Le groupe poursuit en affirmant avoir copié « de nombreux documents », notamment des dossiers privés et d’autres informations confidentielles, qu’il prétend désormais contrôler. Plutôt que de se concentrer uniquement sur la perturbation du système, les attaquants mettent l’accent sur la possession de données. La menace s’intensifie si le paiement est refusé. Le groupe prévient que les données volées seront distribuées, soit vendues à d’autres acteurs malveillants, soit rendues publiques via leurs propres canaux, notamment les blogs et les plateformes torrent. Cette approche à double menace (perte financière combinée à une atteinte à la réputation) est une caractéristique des campagnes de ransomware modernes.
Les organisations touchées par les attaques comprenaient Logitech, Harvard, Envoy Air, le National Health Service du Royaume-Uni et le Washington Post. Clop est connu pour mener des campagnes d’extorsion à grande échelle et soigneusement coordonnées qui ciblent des organisations de plusieurs secteurs et régions, dans le but d’exploiter les vulnérabilités et d’extraire les données de nombreuses victimes simultanément plutôt que de se concentrer sur un seul secteur ou emplacement.
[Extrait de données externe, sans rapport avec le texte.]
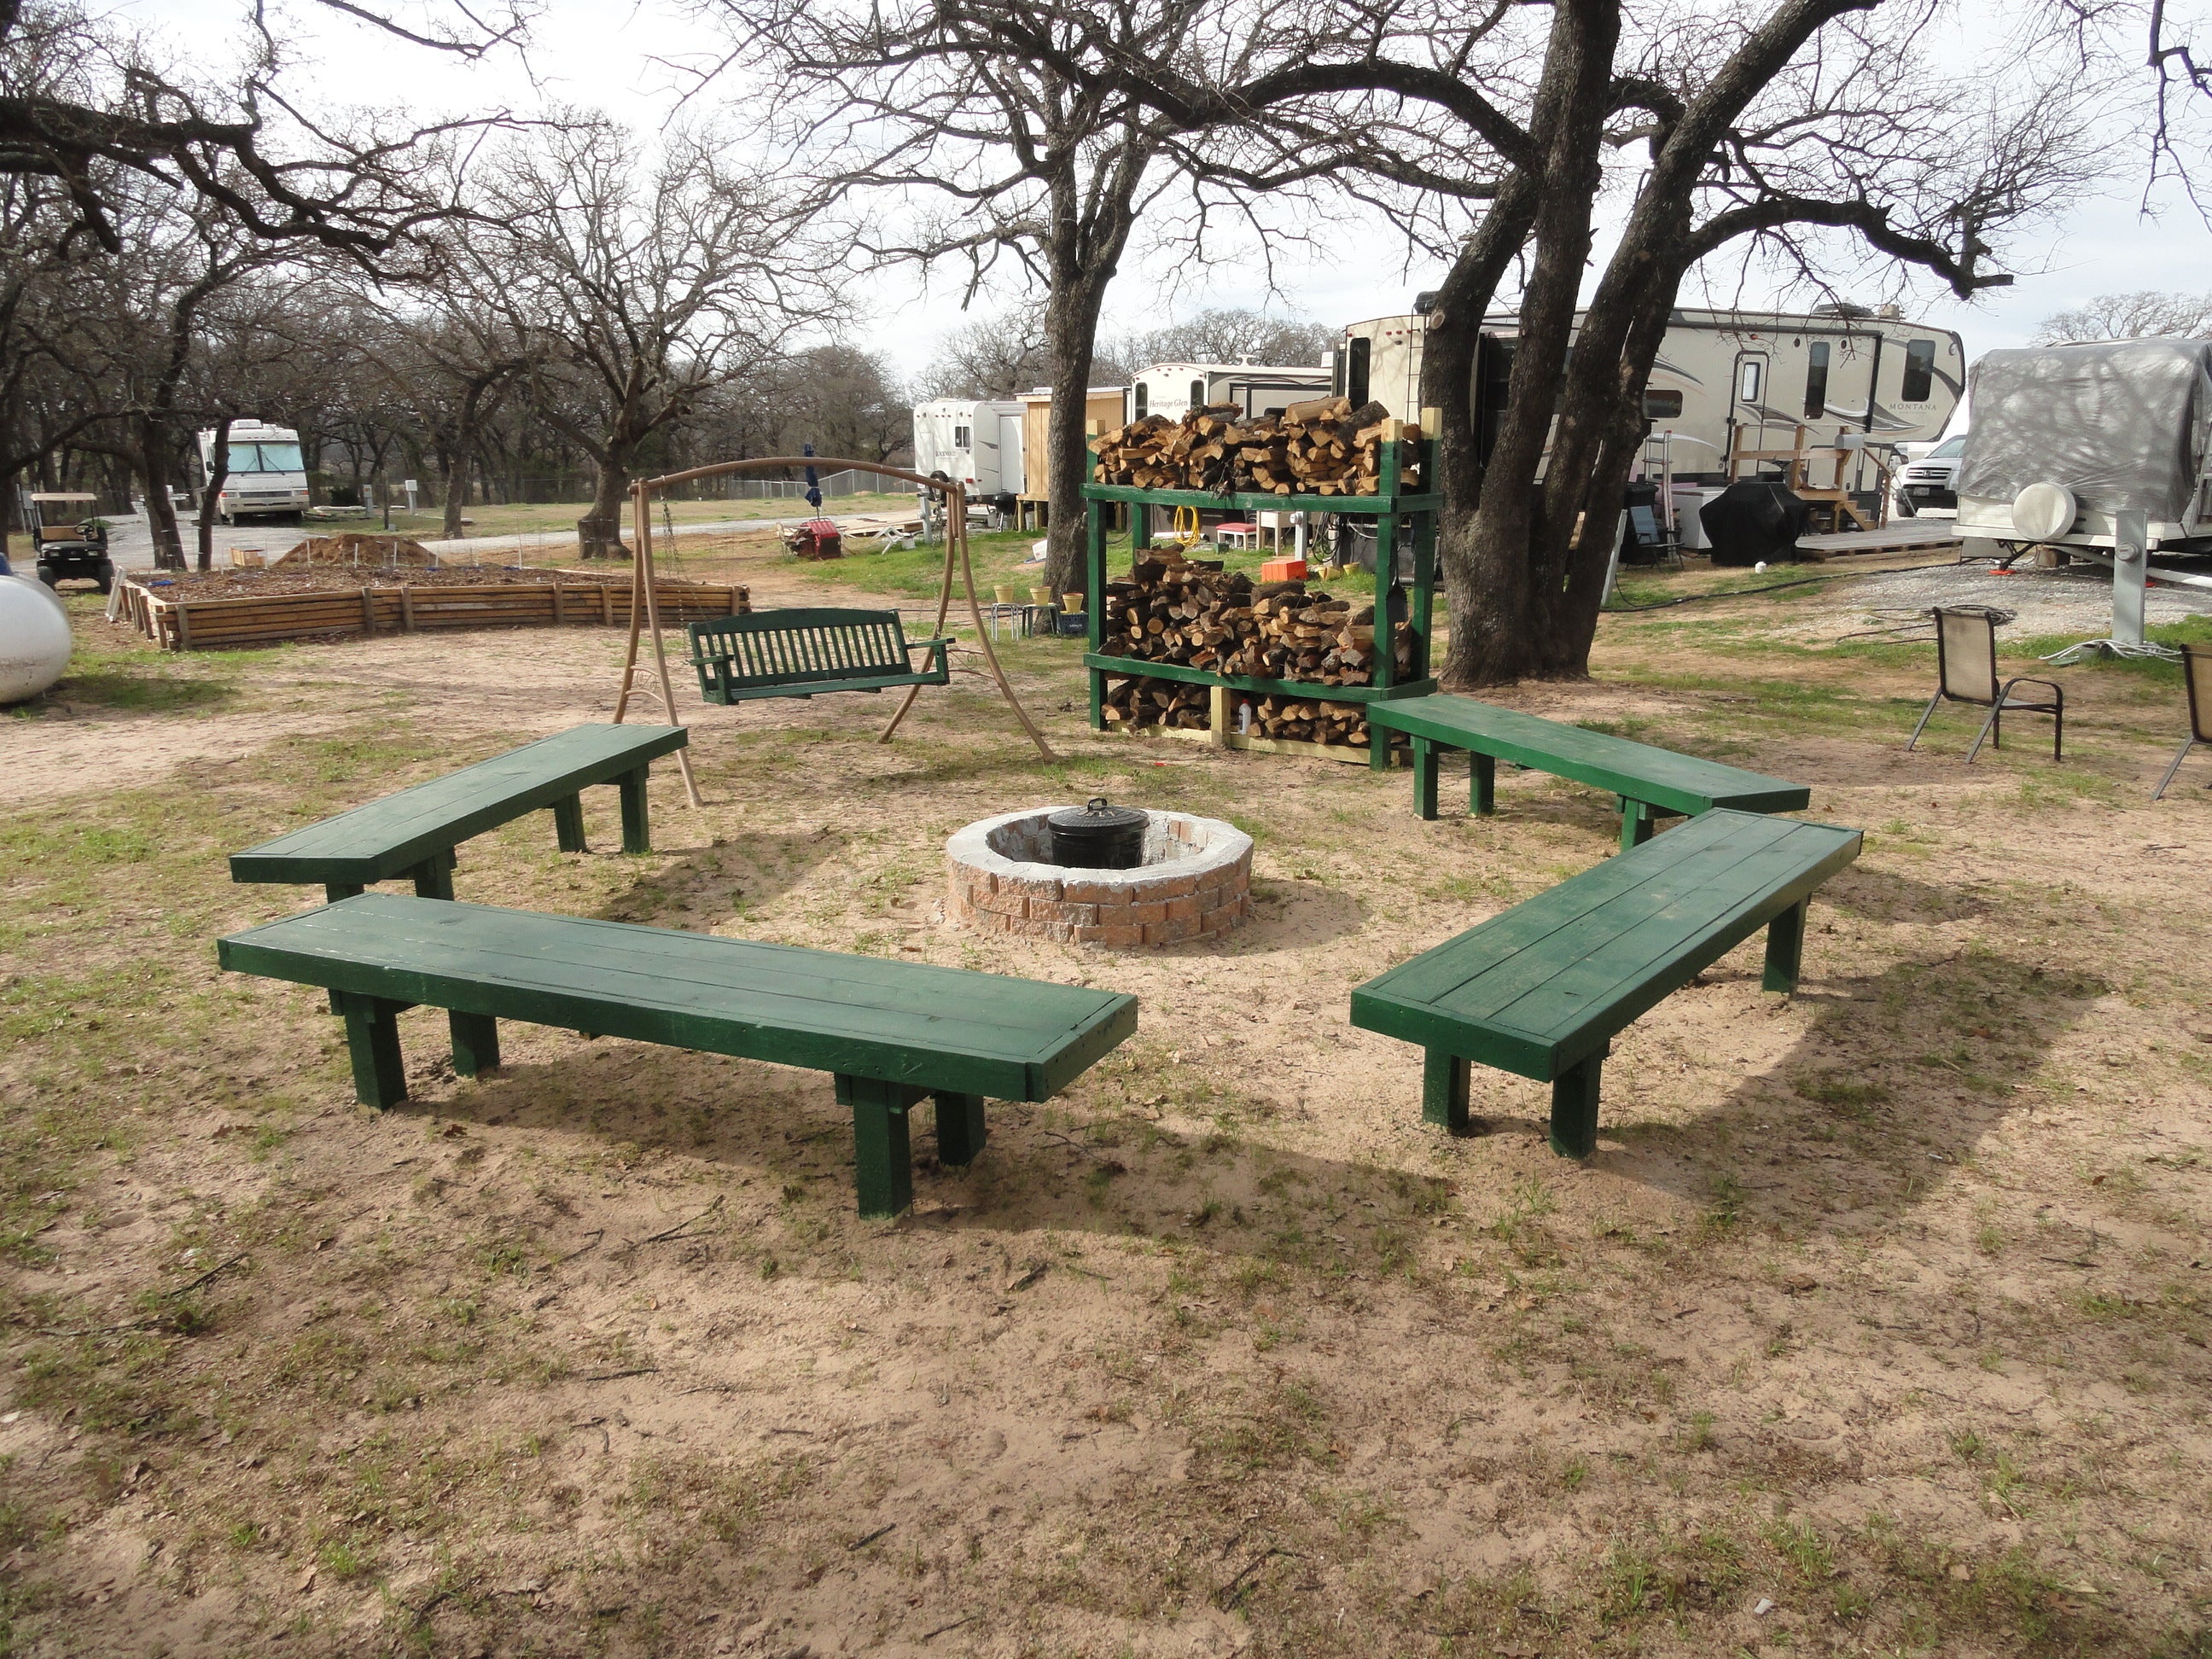 Community fire pit in the Green Space.

Comment protéger votre entreprise
Si votre entreprise a été victime d’une violation de données ou d’un incident d’extorsion, envisagez de suivre les étapes suivantes :
- Opérations sécurisées
Agissez rapidement pour contenir la violation en sécurisant les systèmes, en corrigeant les vulnérabilités, en verrouillant les zones physiques affectées et en mobilisant une équipe d’intervention composée d’experts légistes, juridiques et techniques pour enquêter sur la cause et la portée. Arrêtez toute perte de données supplémentaire en mettant hors ligne l’équipement concerné (sans mise hors tension), en surveillant les points d’accès, en remplaçant les systèmes compromis si possible et en mettant à jour toutes les informations d’identification pour empêcher tout accès non autorisé continu. - Corriger les vulnérabilités
Travaillez avec des experts légistes pour évaluer la violation : vérifiez le cryptage, examinez les sauvegardes et les journaux, identifiez qui avait et a toujours accès et limitez-le si cela n’est pas nécessaire. Déterminez quelles données ont été compromises, combien de personnes ont été affectées et si vous pouvez les contacter. Vérifiez qui (au sein et à l’extérieur) de votre organisation a accès aux informations et examinez si les privilèges doivent être modifiés. - Notifier les parties concernées
Déterminez les exigences légales, car certains États ont des lois et réglementations spécifiques concernant les personnes qui doivent être informées. De plus, les forces de l’ordre peuvent faciliter le processus d’enquête et doivent être informées peu de temps après la découverte initiale.